Bovine adrenal cortex transformations of mitotane [1-(2-chlorophenyl)-1-(4-chlorophenyl)-2,2-dichloroethane; o, p′-DDD] and its p, p′- and m, p′-isomers

Abstract

The adrenalytic activity of mitotane ( o, p′-DDD) has made it useful in the treatment of adrenocortical carcinoma and Cushing's syndrome. In support of a study to develop mitotane analogs as more effective therapeutic agents and as a basis for understanding the toxicity of related compounds in the adrenals, the biotransformations of o, p′-DDD in adrenocortical homogenate preparations have been studied and compared with those of its m, p′- and p, p′-isomers. Aliphatic oxidation to the corresponding acetic acid derivative, o, p′-, m, p′- or p, p′-DDA, was the major transformation for all the preparations. In the comparisons of the DDD isomers, the order of both DDA formation and apparent covalent binding was o, p′- > m, p′- > p, p′-DDD. There was also evidence for α-hydroxylation at the benzylic carbon with subsequent loss of water to form ethylene derivatives.
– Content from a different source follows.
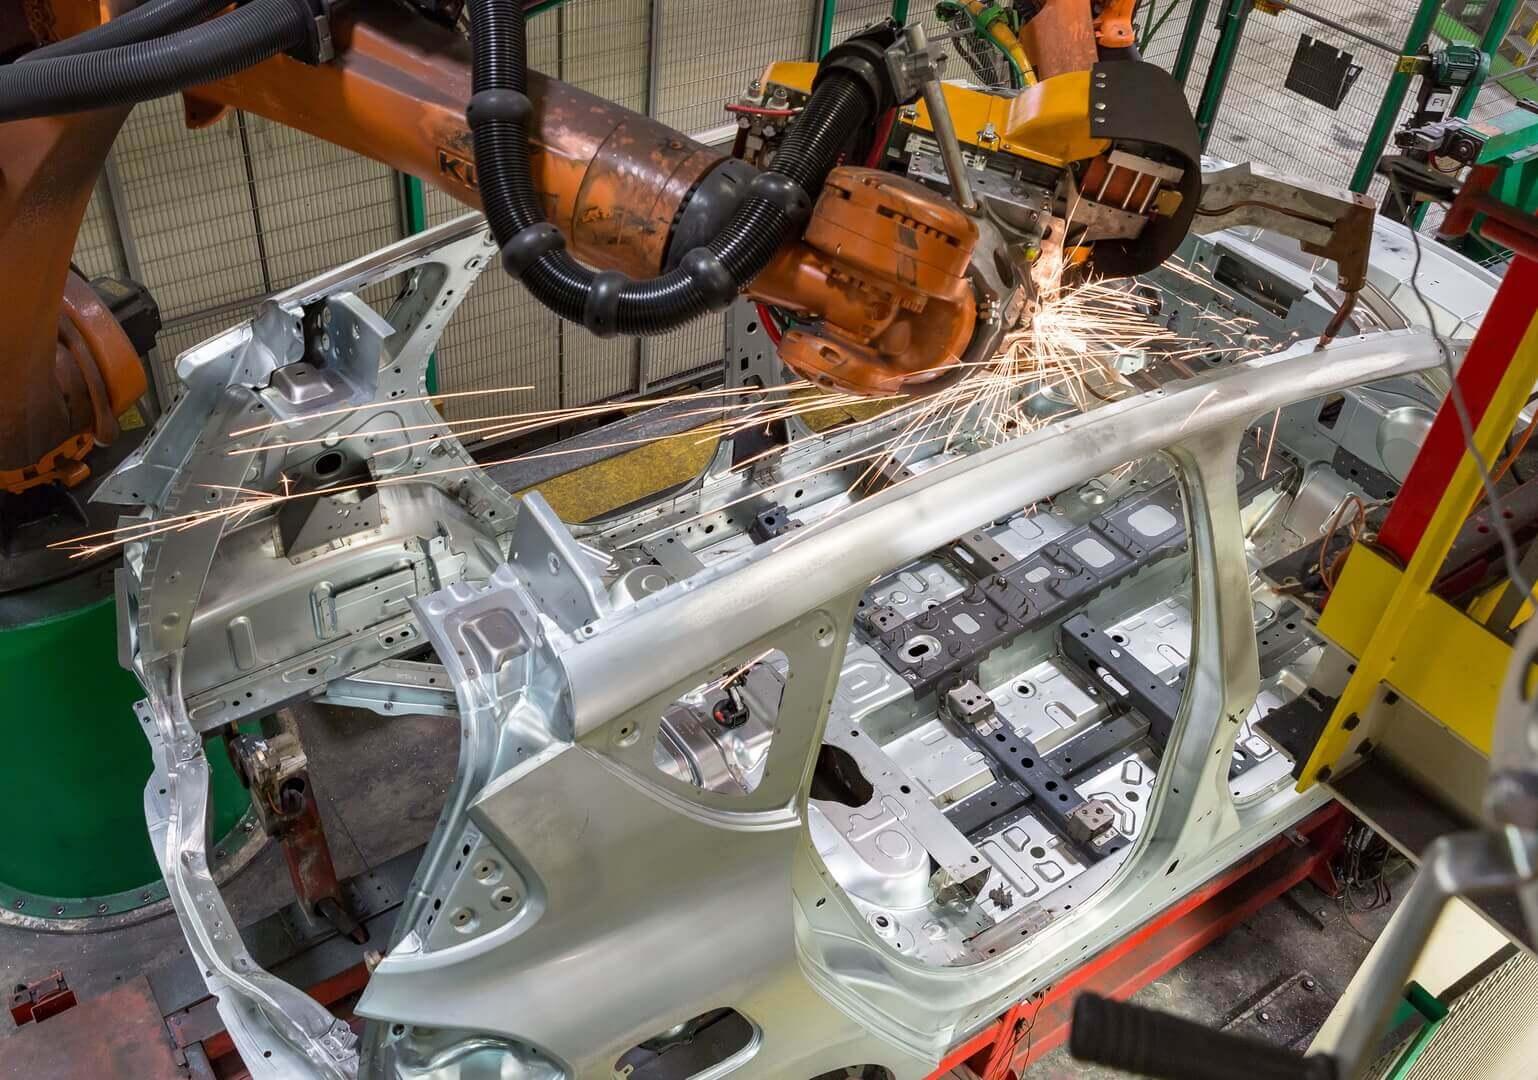 С 2021 года завод в Дуэ начнет выпуск своего первого электромобиля, Mégane E-Vision, на базе новой модульной платформы Альянса CMF-EV

This was a minor pathway for o, p′-DDD, but was the major pathway for the other two isomers. Thus, while the total yields of metabolites of o, p′- and m, p′-DDD were similar and at least twice that of the p, p′-isomer, their distribution of metabolites differed significantly. The effects of the three isomers on cell growth and cortisol production with the human adrenocortical carcinoma cell line, NCI H-295, followed the same order as their DDA formation and tissue binding. It is proposed that hydroxylation by the adrenal cortex at the β-carbon leads to an adrenalytic effect, whereas hydroxylation at the α-carbon would represent an alternate deactivation pathway.